For many years, the minimum salary level for the so-called “white collar” exemptions – those covering qualifying executive, administrative and professional employees – has been set at $455 per week. In May 2016, the Department of Labor (DOL) issued new regulations increasing the minimum salary level to $913 per week ($47,476 annually), with scheduled increases every three years beginning January 1, 2020.
In October 2016, the State of Nevada and 21 other states filed an emergency motion for a preliminary injunction to halt the implementation of the new minimum salary regulations, arguing that the DOL exceeded the authority delegated by Congress in adopting the new salary level. The suit was filed in U.S. District Court in Texas, and consolidated with another lawsuit challenging the rule brought by over 50 businesses and the U.S. Chamber of Commerce. Yesterday, Judge Amos Mazzant, an appointee of President Obama, granted the states’ motion and imposed a nationwide injunction preventing the regulations from going into effect. The court agreed that although the FLSA gives the Department “significant leeway” to establish the job duties that may qualify an employee for a “white collar” exemption, it did not authorize the DOL to define the exemption with respect to a minimum salary or to limit it with respect to salary.

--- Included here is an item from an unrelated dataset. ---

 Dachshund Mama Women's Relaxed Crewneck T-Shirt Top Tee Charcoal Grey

This is surprising reasoning, given that the DOL “white collar” regulations have imposed minimum salary levels since 1949 that have never been challenged. But the court cited a report issued in conjunction with the original 1949 regulations, explaining that the salary level had been “purposefully set low to screen out the obviously nonexempt employees, making an analysis of duties in such cases unnecessary.” Indeed, at that time the DOL admitted that it had no authority to create a test based on salary alone. Yet because the new salary level is set so high, the court explained, it “creates essentially a de facto salary-only test,” noting that the DOL itself has estimated that 4.2 million workers who are currently exempt will lose their exemption under the new rule. Because Congress did not intend that salary alone exclude employees from exempt status, the court held, the DOL had exceeded its authority and the rule was invalid.

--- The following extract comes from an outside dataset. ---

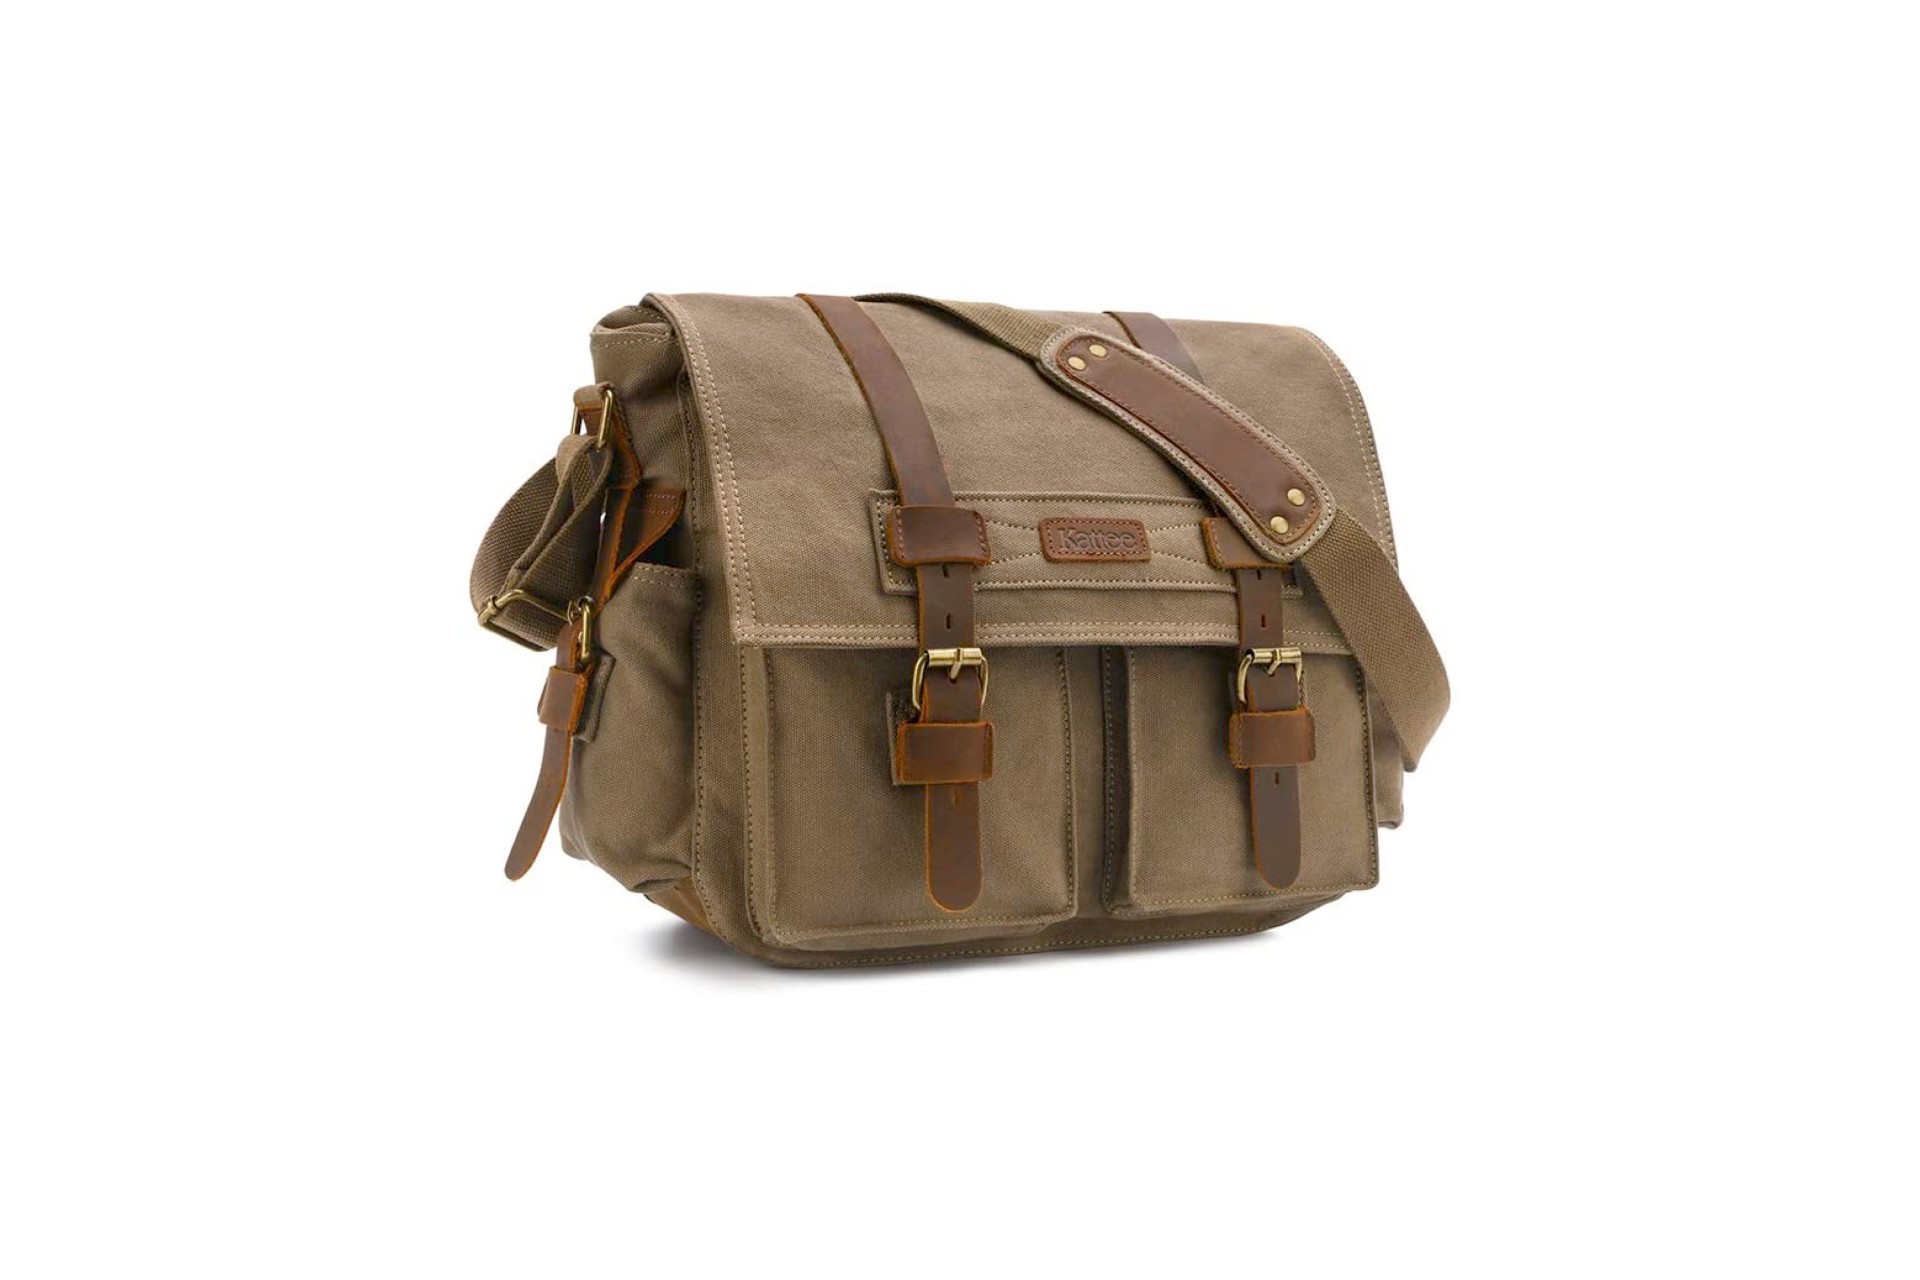 Sweetbriar Classic Messenger Bag - Vintage Canvas Shoulder Bag For All-Purpose Use

The preliminary injunction stays the implementation of Department of Labor’s new “white collar” exemption regulations for all employers covered by the FLSA nationwide, pending further proceedings in the District Court. An immediate appeal to the Fifth Circuit Court of Appeals is almost certain. However, given the election results and certainty of a shift in direction and priorities at the Department of Labor, it is doubtful that the agency will seek to defend the rule after Inauguration Day.

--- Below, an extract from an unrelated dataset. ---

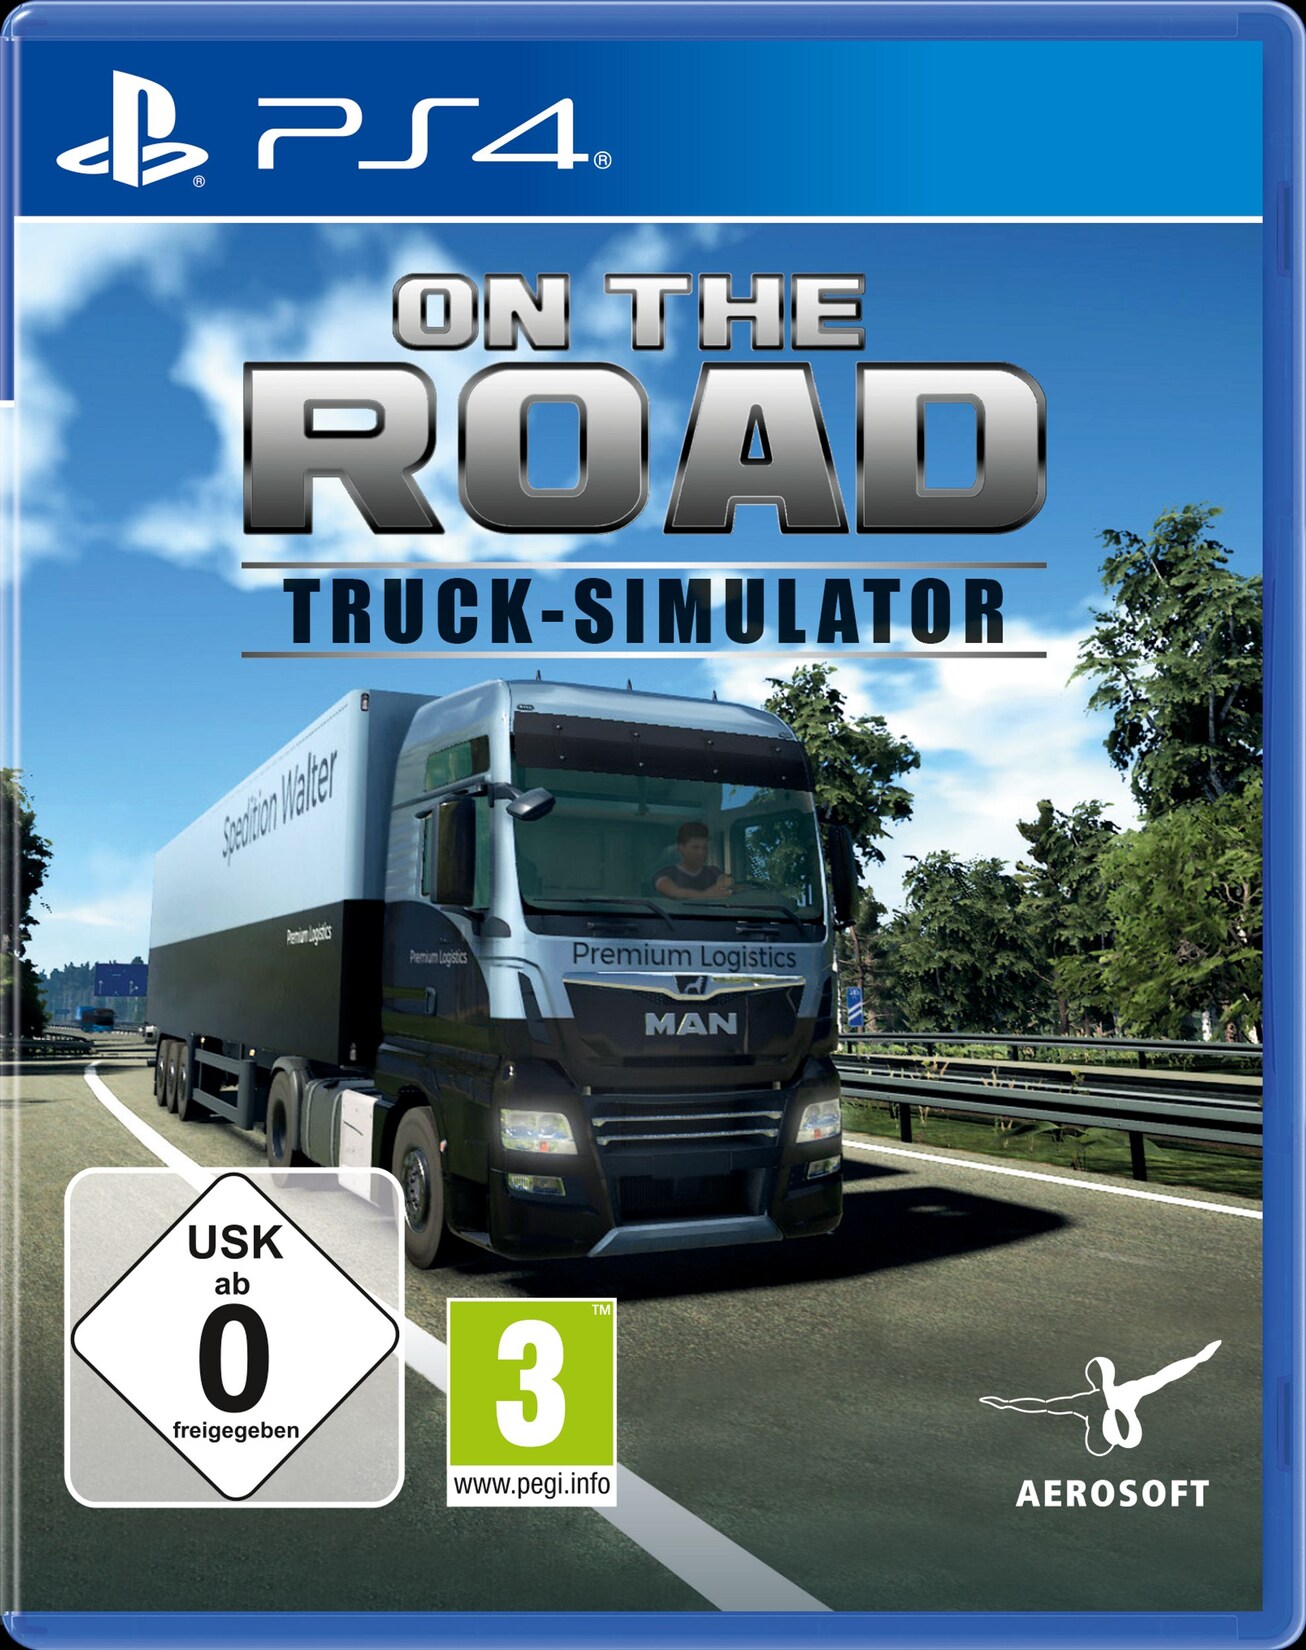 Truck Simulator - On the Road Truck/LKW - Simulator

In the meantime, employers who have previously announced salary increases to maintain exempt status under the new rule face the very real dilemma of whether to go forward with the increases or put them off, given employee morale issues as well as the fact that already-announced increases could constitute a contractual promise. Employers considering withdrawing such an announced increase should consider this issue carefully in conjunction with counsel.